A water deprivation test may be performed. This test requires a patient to stop all fluid intake. The patient is weighed just before the test begins, and urine is collected and examined hourly.

The test is stopped when:. The next step of the test involves injecting a synthetic form of ADH, with one last urine sample examined 60 minutes later. Comparing plasma and urine osmolality allows the doctor to diagnose either central DI, nephrogenic DI, partial DI, or psychogenic polydipsia. A number of medications can be given to decrease the quantity of fluid passed out into the urine. Other medications that may be given include some antidiuretic drugs chlorpropamide, clofibrate, carbamazepine.

Patients with nephrogenic DI, however, will also require special diets that restrict the amount of solute taken in. These patients are also treated with a type of medication called a thiazide diuretic. Uncomplicated diabetes insipidus is controllable with adequate intake of water and most patients can lead normal lives. Concentration — Refers to the amount of solute present in a solution, compared to the total amount of solvent.

Dilute — A solution that has comparatively more fluid in it, relative to the quantity of solute. Osmolality — A measure of the solute-to-solvent concentration of a solution. Solute — Solid substances that are dissolved in liquid in order to make a solution. Singer, Irwin, et al, diabetes and free water. A chronic disorder marked by excessive urination and usually intense thirst and dehydration, caused either by insufficient production or release of the pituitary hormone vasopressin or by inability of the kidneys to respond coastal allergy and asthma to vasopressin.

It is characterized by copious excretion diabetes and free water urine and excessive thirst, caused by deficient production or secretion of the antidiuretic hormone ADH or inability of the kidney tubules to respond to ADH.

Rarely the symptoms are self-induced by an excessive water intake, diabetes and free water. The condition may be acquired, familial, idiopathic, neurogenic, nephrogenic, or psychogenic. Diagnosis is established by a water deprivation test in which urine volume increases and urine osmolality decreases. A person with diabetes insipidus who is unconscious diabetes and free water result of trauma or surgery continues to produce massive quantities of urine.

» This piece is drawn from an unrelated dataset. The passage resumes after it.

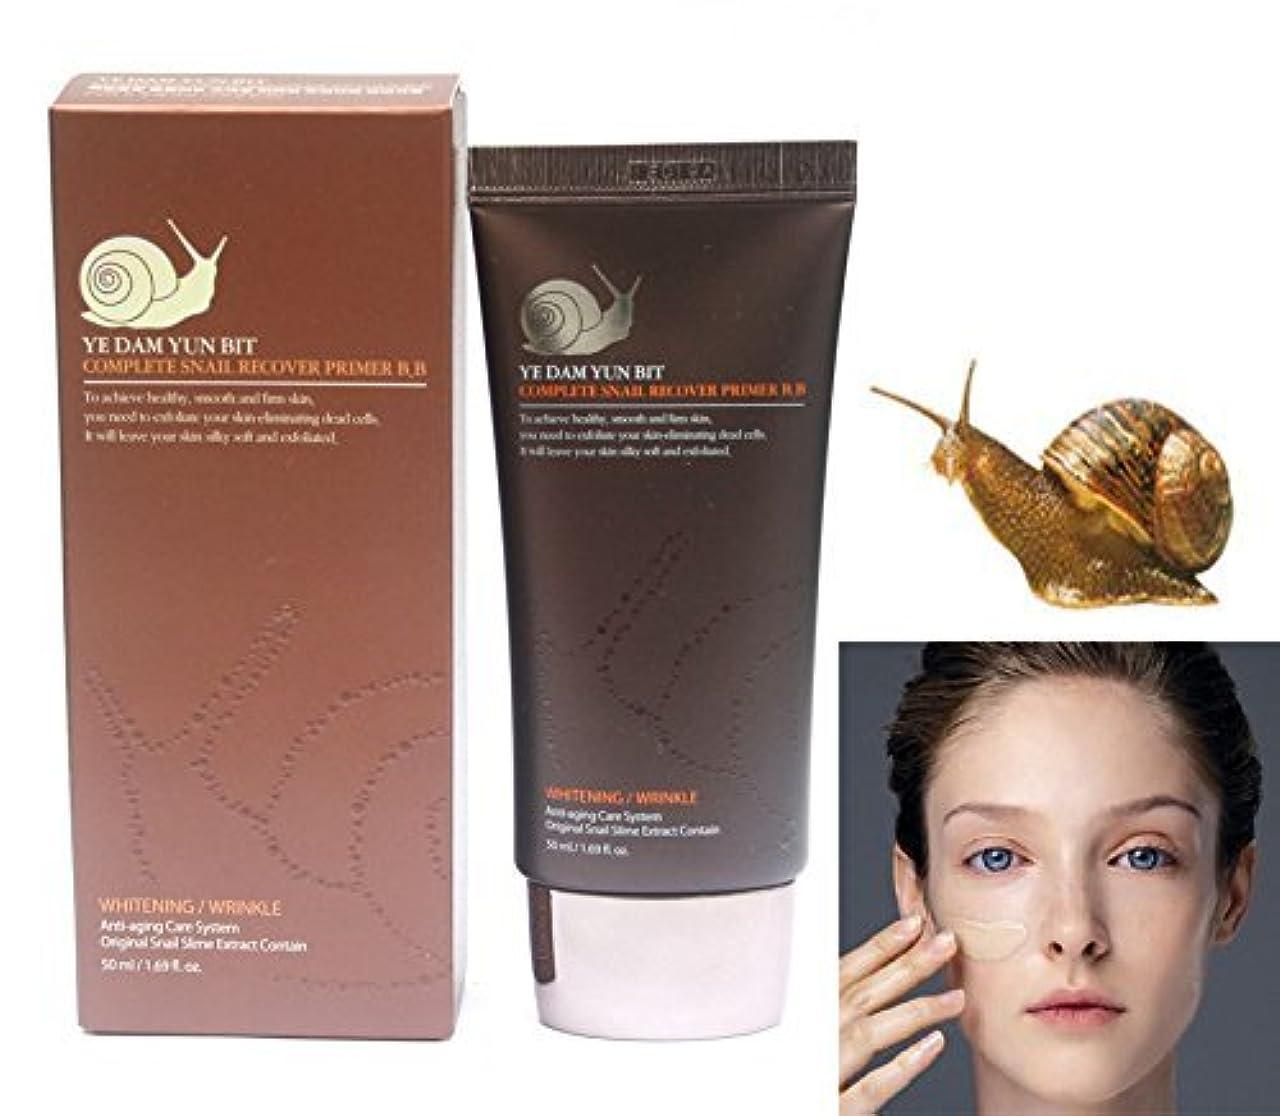 あからさま純正高い[YEDAM YUNBIT] 完全なカタツムリ?リカバリー?プライマーBB 50ml /韓国化粧品 / Complete Snail Recover Primer BB 50ml / Korean Cosmetics (...

If fluids are not administered in adequate amounts, the patient becomes severely dehydrated and hypernatremic. Vasopressin in an intramuscular injection or nasal spray is effective.

Therefore exceedingly careful monitoring is essential when the condition is suspected, especially after head surgery or trauma. Chronic excretion of very large amounts of pale urine of low specific gravity, causing dehydration and extreme thirst; ordinarily results from inadequate output of pituitary antidiuretic hormone.

Chronic excretion of very large amounts of pale urine of low specific gravity, causing dehydration and extreme thirst. As a consequence, diabetes and free water, there is the passage of a large amount of urine having a low specific gravity, and great thirst.

It may be acquired through infection, neoplasm or trauma to the posterior lobe of the diabetes and free water gland or it may be inherited or idiopathic. Called also central diabetes insipidus. The polyuria is secondary to diabetes and free water excessive water intake.

Called also dipsogenic diabetes insipidus.